Я сбегал к себе, взял камеру, заряженную пленкой «400» – хоть в темноте снимай, – перещелкал свой блокнот, проглядел его еще раз, чтобы навсегда вбилось в память, захлопнул крышку «дипломата» моего босса и поставил прежние цифры.
Вернувшись в свой закуток, я набрал телефон Гиви Квициния; он работал в седьмой юридической консультации, вел дела, связанные с защитой бандитов и щипачей.
– Старик, ты мне нужен, – сказал я. – Сейчас. Немедленно. В редакции.
– Что‑нибудь случилось?
– Да.
– Но ты был трезвым?
– Старик, я продал мотоцикл, все страшнее, чем ты думаешь.
…Перед началом летучки Кашляев заглянул ко мне:
– Слушай, может, ты выправишь письма строителей – я в запарке, а на летучку нельзя не идти…
– У меня блокнот пропал, – сказал я, не глядя на него: в такие моменты человека можно и не наблюдать, ты его кожей чувствуешь…
Кашляев спокойно ответил:
– Возьми у меня.
– Что?!
– У меня их в столе полно…
– Ты не понял: пропал блокнот со всеми материалами по делу Горенкова.
– Да ладно тебе, – он махнул рукой. – Разбери ворох гранок, что валяется на столе, кому он нужен…
– Я перебрал все, – ответил я. – Все, понимаешь? А без этого блокнота мой материал горит синим огнем. Там имена, цифры, факты.
Кашляев присел на подоконник (отчего‑то он очень любит это место, часто устраивается возле открытого окна, страшно смотреть – откинется назад, и все), потер виски тонкими пальцами с коротко обгрызанными ногтями, сосредоточенно о чем‑то задумался, а потом сказал:
– Главное – сохраняй спокойствие. В крайнем случае, я выбью тебе повторную командировку в Загряжск…
– Крайний случай имеет место быть прямо сейчас, – ответил я. – Или материал будет, или на нем надо ставить точку. По моей вине. Из‑за паршивого разгильдяйства. Оправдания себе я не вижу…
Кашляев сорвался с подоконника, бросил на ходу, чтобы я ждал его, «Иду к главному»; вернулся через двадцать минут всклокоченный, бледный:
– Мы, отдел, скинемся! Ты сможешь полететь в Загряжск! Я первым дам тебе четвертак.

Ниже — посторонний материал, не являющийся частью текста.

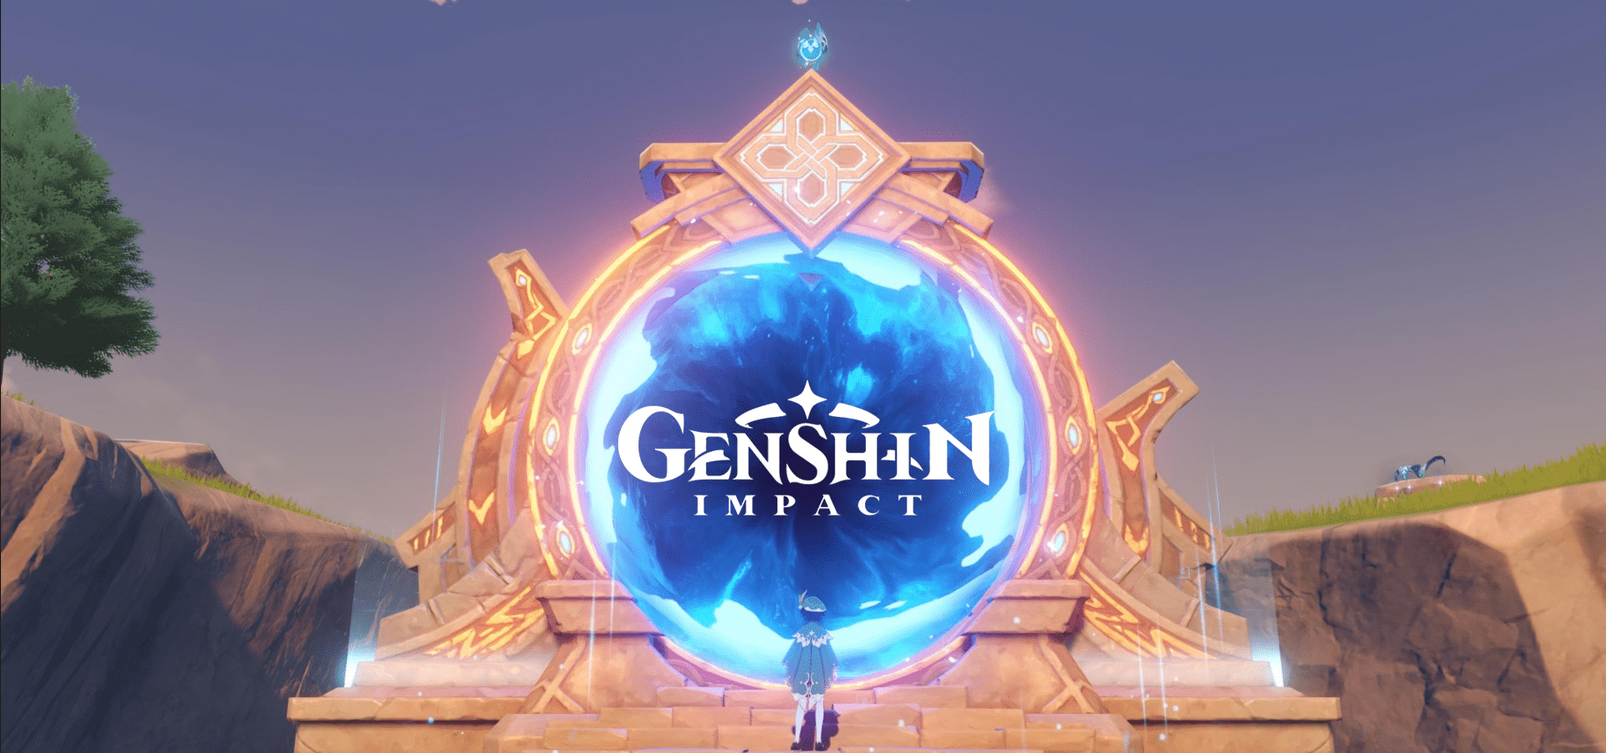 Genshin IMpact 2.6 Spiral Abyss leak

Он сказал это с неподдельной искренностью, глядя мне в глаза – само товарищество и честность, – и в этот именно миг мне стало так страшно, как никогда в жизни не было.
Х
Главное управление уголовного розыска
полковнику Костенко В. Н.
Рапорт
В 19 часов 52 минуты ювелир Завэр вышел от Глафиры Анатольевны Руминой, тещи журналиста Ивана Варравина, и отправился к кассиру универмага Тамаре Глебовне Аристарховой, где провел сорок три минуты.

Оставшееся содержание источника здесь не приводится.